Now, in our example, a diminution of this sort is supposed to have taken place in the cost of production of corn. The production of that article has become less costly, in the ratio of six to five. A quantity of corn, the means of producing which could not previously have been secured but at an expense of 120 quarters, can now be produced by means which 100 quarters are sufficient to purchase.

But the labourer is supposed to receive the same quantity of corn as before. He receives one quarter. The cost of production of wages has, therefore, fallen one-sixth. A quarter of corn, which is the remuneration of a single labourer, is indeed the produce of the same quantity of labour as before; but its cost of production is nevertheless diminished. It is now the produce of 10/18 of a man's labour, and nothing else; whereas formerly it required for its production the conjunction of that quantity of labour with an expenditure, in the form of reimbursement of profit, amounting to one-fifth more.

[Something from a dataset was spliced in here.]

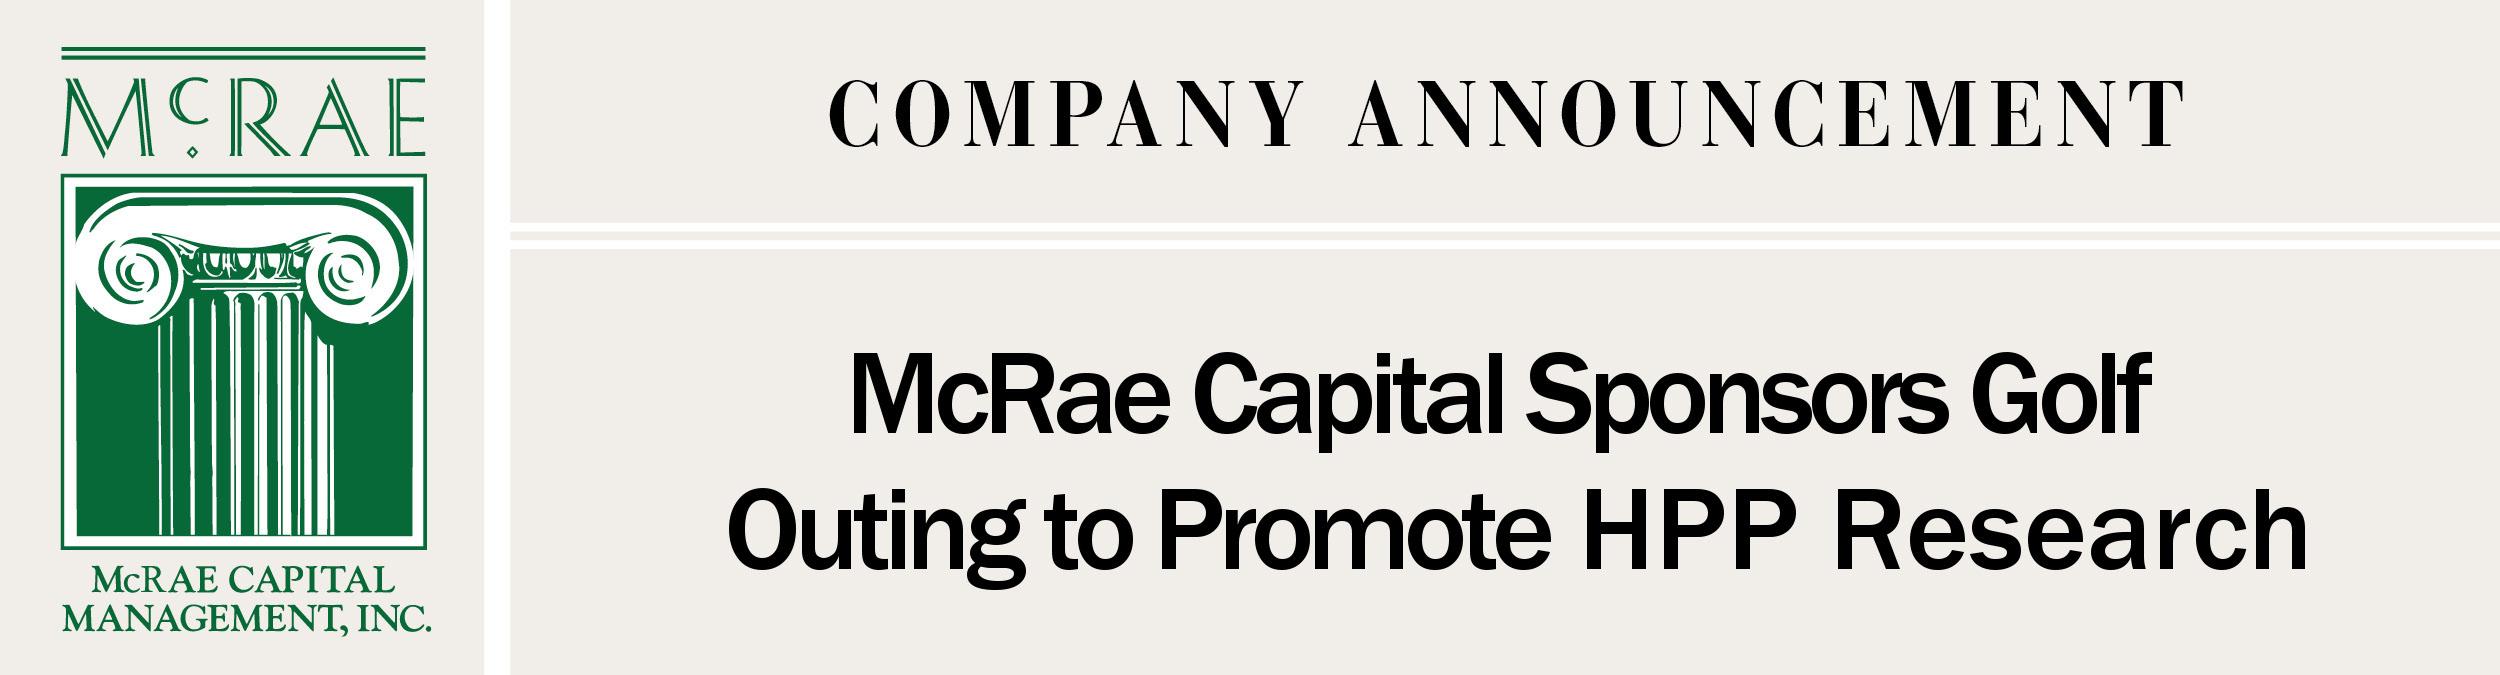 mcrae_email-header_company-announcement_soft-bones-2016

If the cost of production of wages had remained the same as before, profits could not have risen. Each labourer received one quarter of corn; but one quarter of corn at that time was the result of the same cost of production, as 1 1/5 quarter now. In order, therefore, that each labourer should receive the same cost of production, each must now receive one quarter of corn, plus one-fifth. The labour of 100 men could not be purchased at this price for less than 120 quarters; and the produce, 180 quarters, would yield only 50 per cent, as first supposed 7.

It is, therefore, strictly true, that the rate of profits varies inversely as the cost of production of wages. Profits cannot rise, unless the cost of production of wages falls exactly as much; nor fall, unless it rises.

The proof of this position has been stated in figures, and in a particular case: we shall now state it in general terms, and for all cases.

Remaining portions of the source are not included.